Tearfully Allen and his family accepted the news. Hospital admission was immediately arranged for a course of re-induction chemotherapy. Because the first course had gone quite smoothly, we were hopeful that a second round would go as well — though we were now pessimistic that we could actually cure his disease.
Two weeks into the hospitalization, however, things were not going well. The expected problems with fever, anemia, neutropenia, and bleeding were more severe than usual. Platelet transfusions failed to improve the thrombocytopenia. In this setting we visited Allen, febrile to 104 degrees, shaking, tearful, purpuric, and oozing blood everywhere. As we entered his room, Allen sat up in bed with outstretched arms. My mentor returned the gesture by opening his own arms and sitting down on the bed beside him. The two of them hugged as Allen sobbed.
“Doc, am I going to die today?” Allen asked. Through his own tears my mentor replied, “Yes, Allen, you are.” I was shocked by the candid question and by its equally candid and prompt response. How did my mentor have the certainty to say such a thing? The two of them continued to hug and cry for what seemed to be a long time. Finally, Allen kissed my mentor’s cheek and thanked him for being his doctor. My mentor thanked him for being his patient. Then they looked at each other for what might be the final time.
Wiping our tears as we left the room, we found it impossible to engage in our usual practice of discussing the case and writing orders in the chart. Handing me the chart and saying, “You write the note,” he retreated to a patient lounge at the end of the hall and did not emerge for another ten minutes. In solitude he dealt with the tragedy of the moment, and his intense personal reaction to it. Though our busy day seemed to have no room in it for any such “down time,” everything else was put on hold until his personal imperative was met.
Allen died later that day. No one was surprised, least of all my mentor.

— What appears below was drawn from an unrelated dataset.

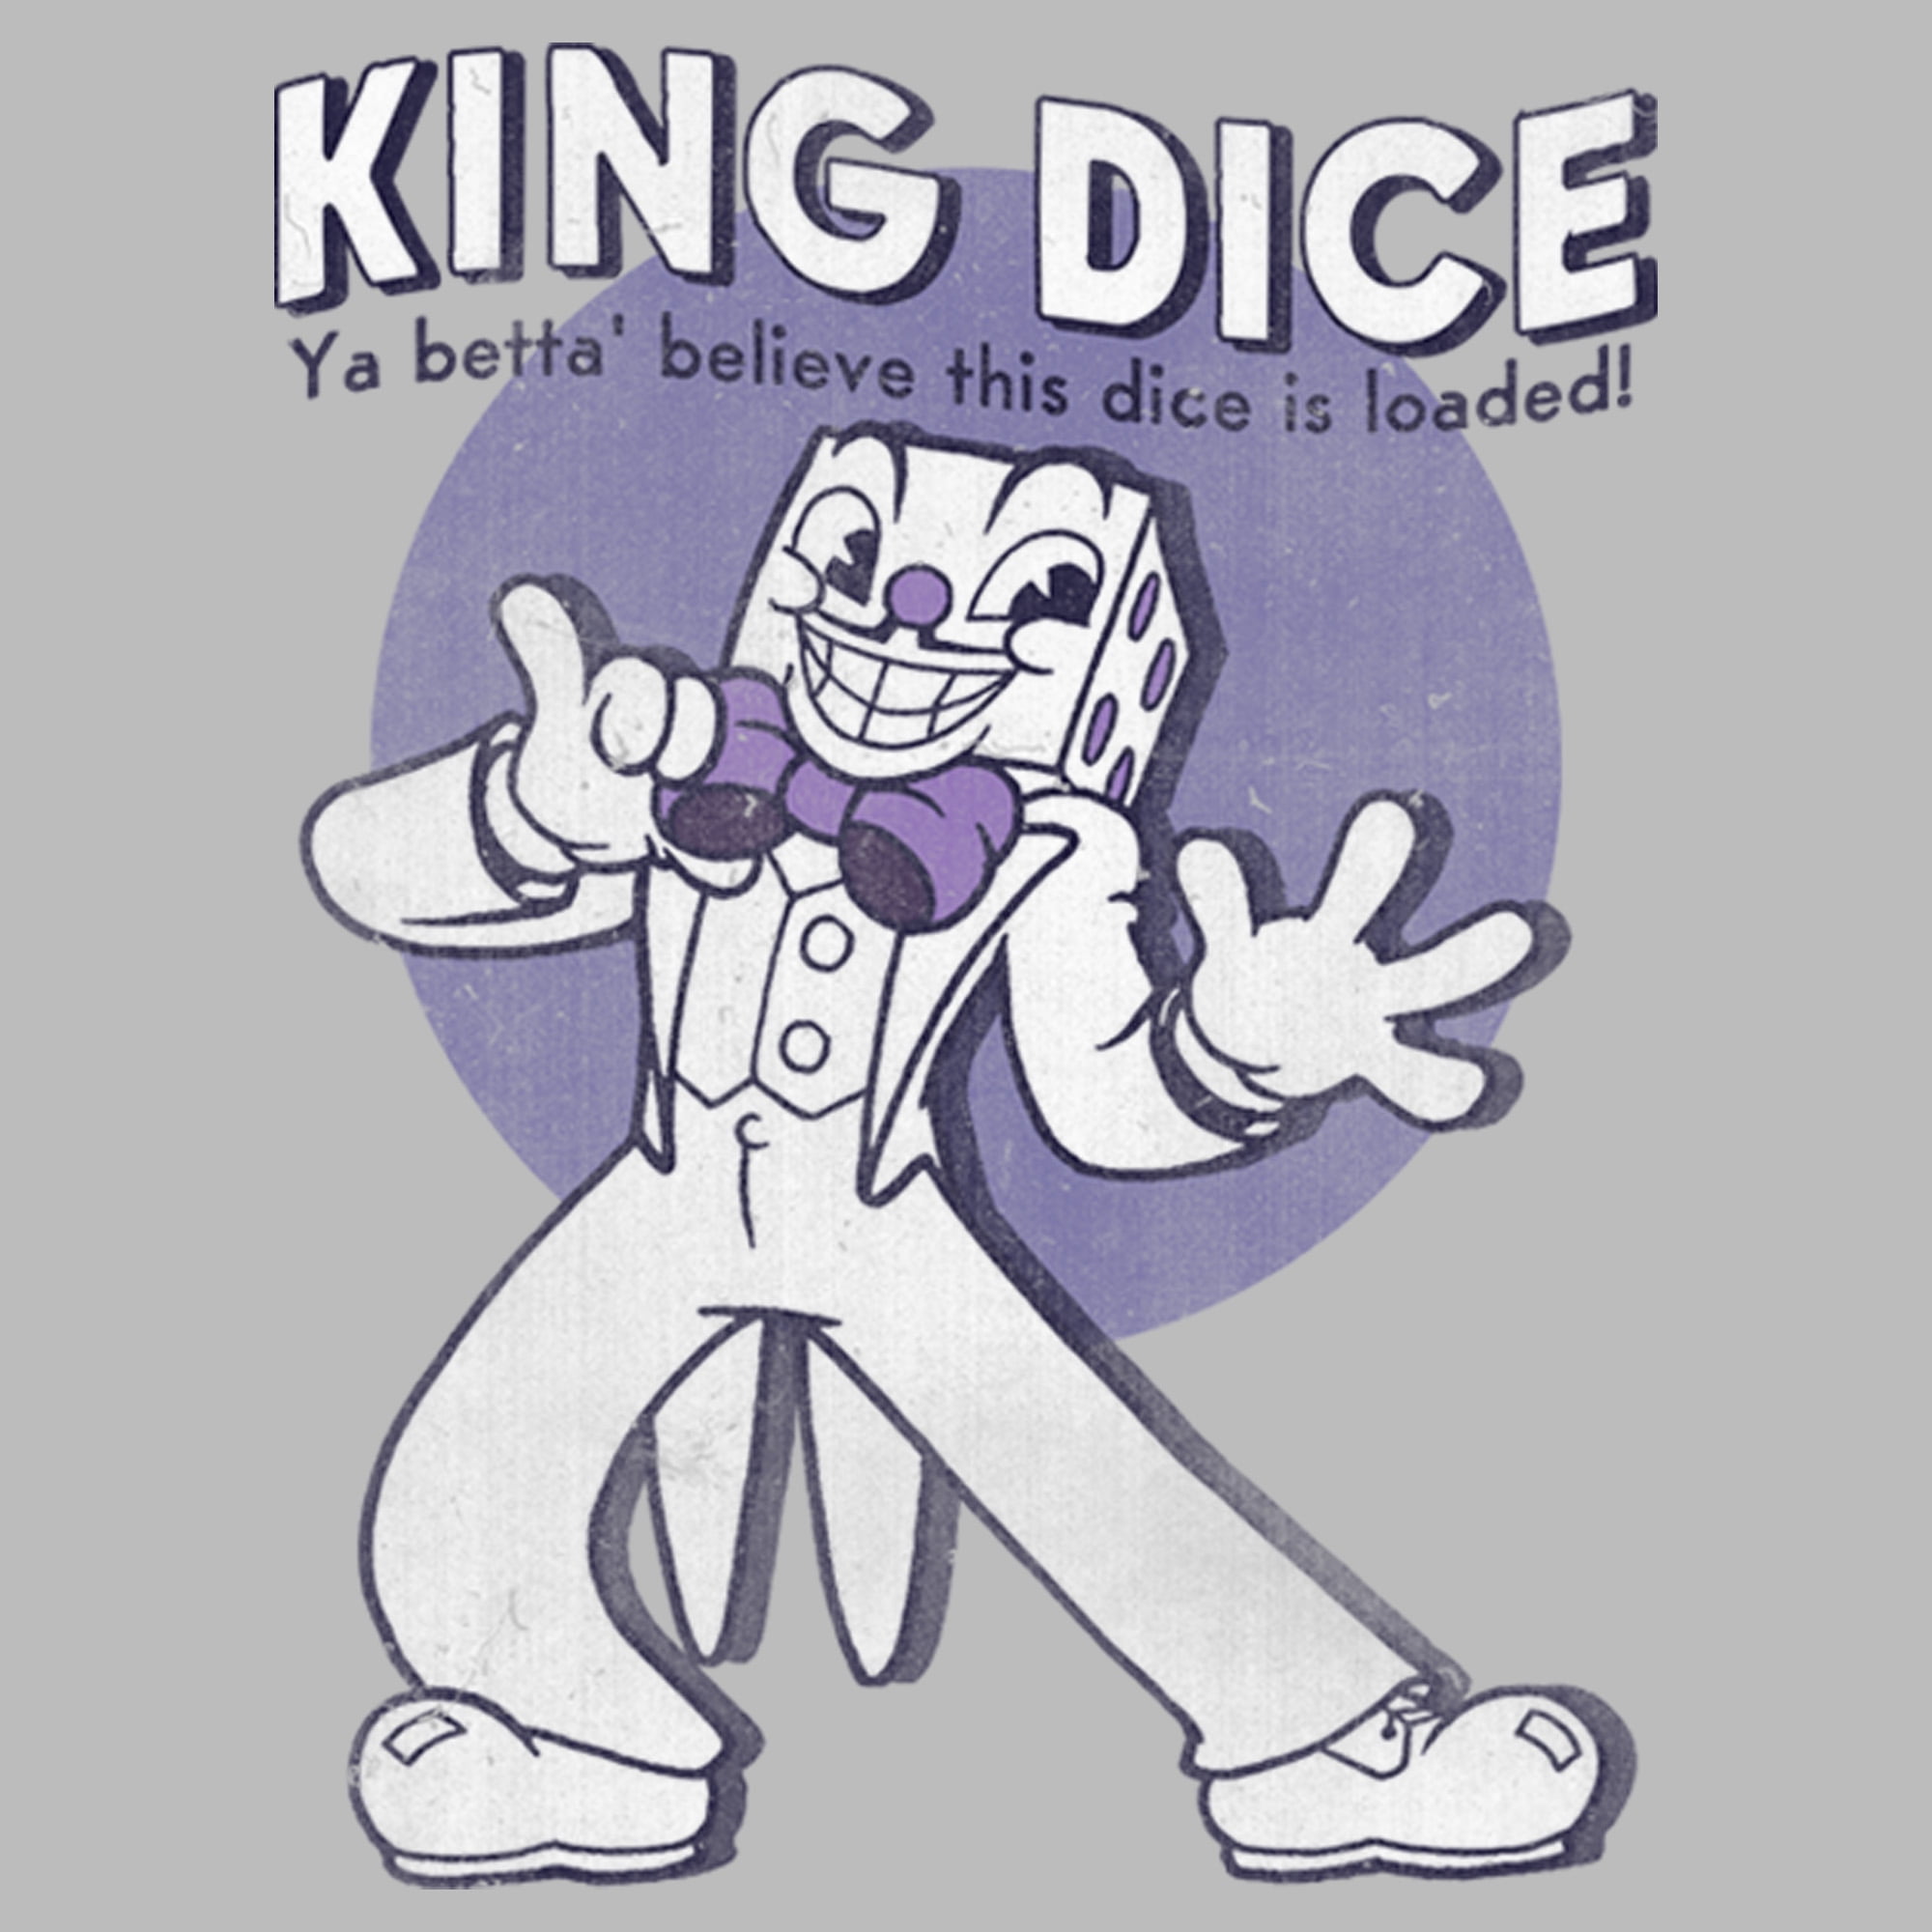 King dice exposed, is he even a true die?
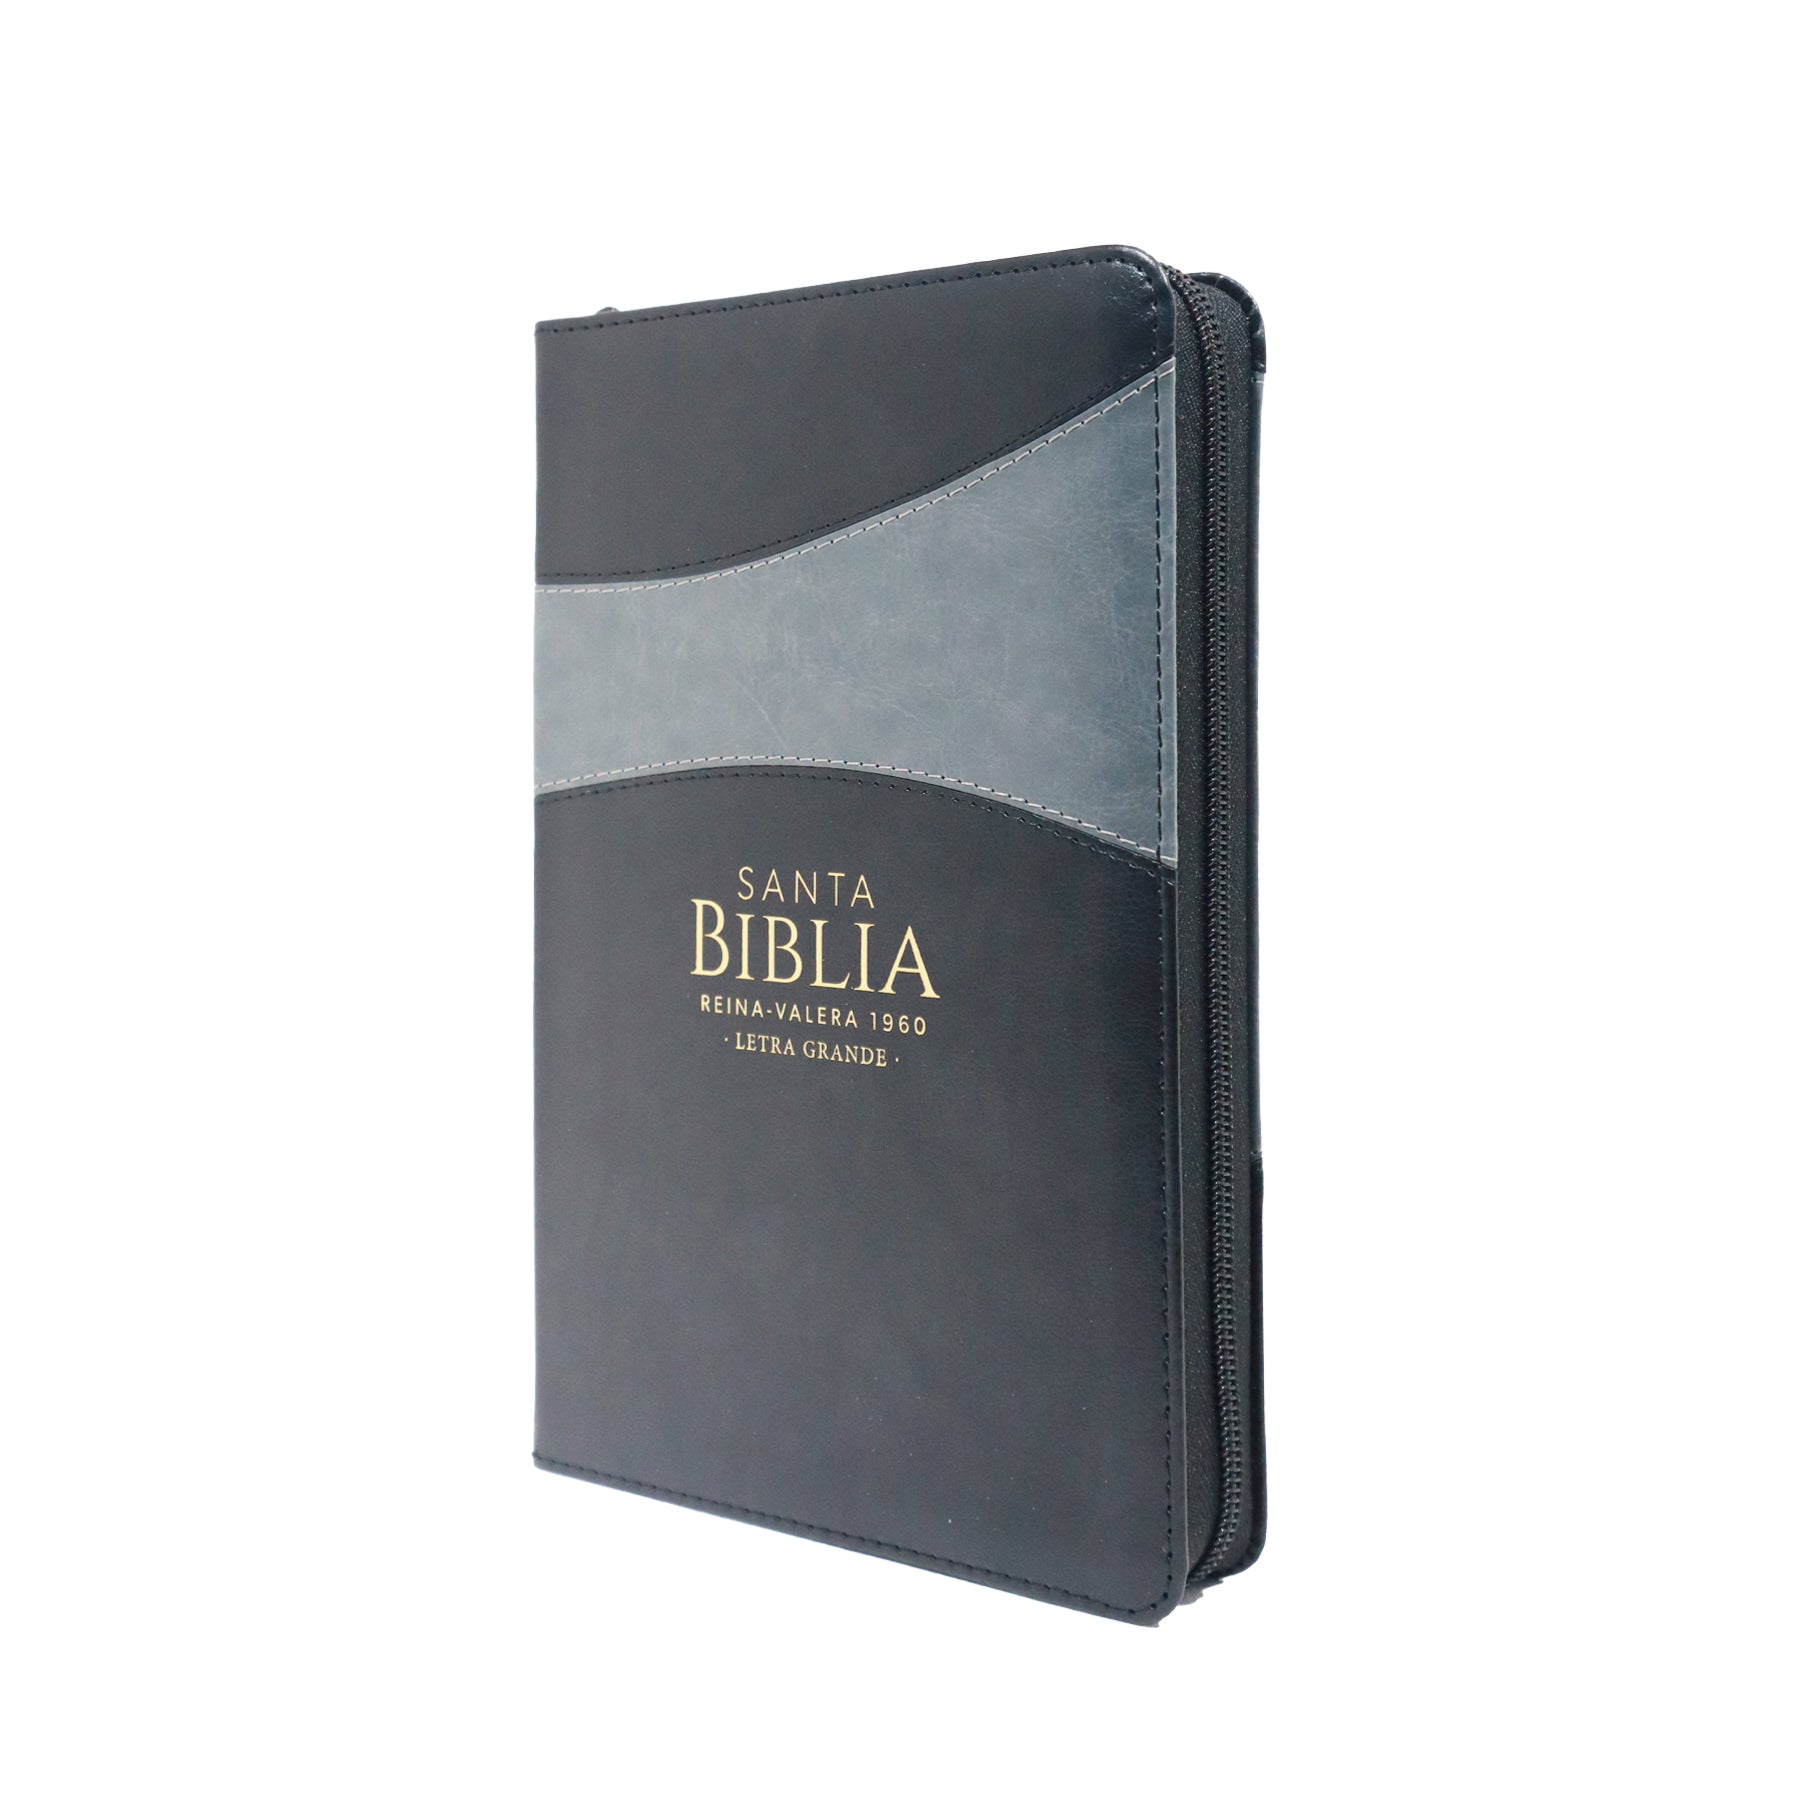 BIBLIA REINA VALERA 1960 LETRA GRANDE CLÁSICA BITONO NEGRO/GRIS INDICE

To this day, I can say that I have never witnessed a more tender and poignant moment in oncology. It was an unforgettable event that has burned a permanent image in my memory. On that day, my mentor showed me that it is okay to remain human and vulnerable in the privilege of caring for the most courageous people we will ever meet. While I always knew I needed to bring my best science-based game to the care of my patients, he showed me how the human element pervades everything we do, and we must attend to that. Maintaining the traditional “distance” between doctor and patient, I learned, is not always easy, convenient, or even appropriate.
As I emerged from fellowship to once again work alongside him in our clinic, my mentor continued to teach by example. I am forever grateful to him for what he taught me about the human side of oncology. Now well into his nineties, he remains a dear friend and is my greatest medical hero.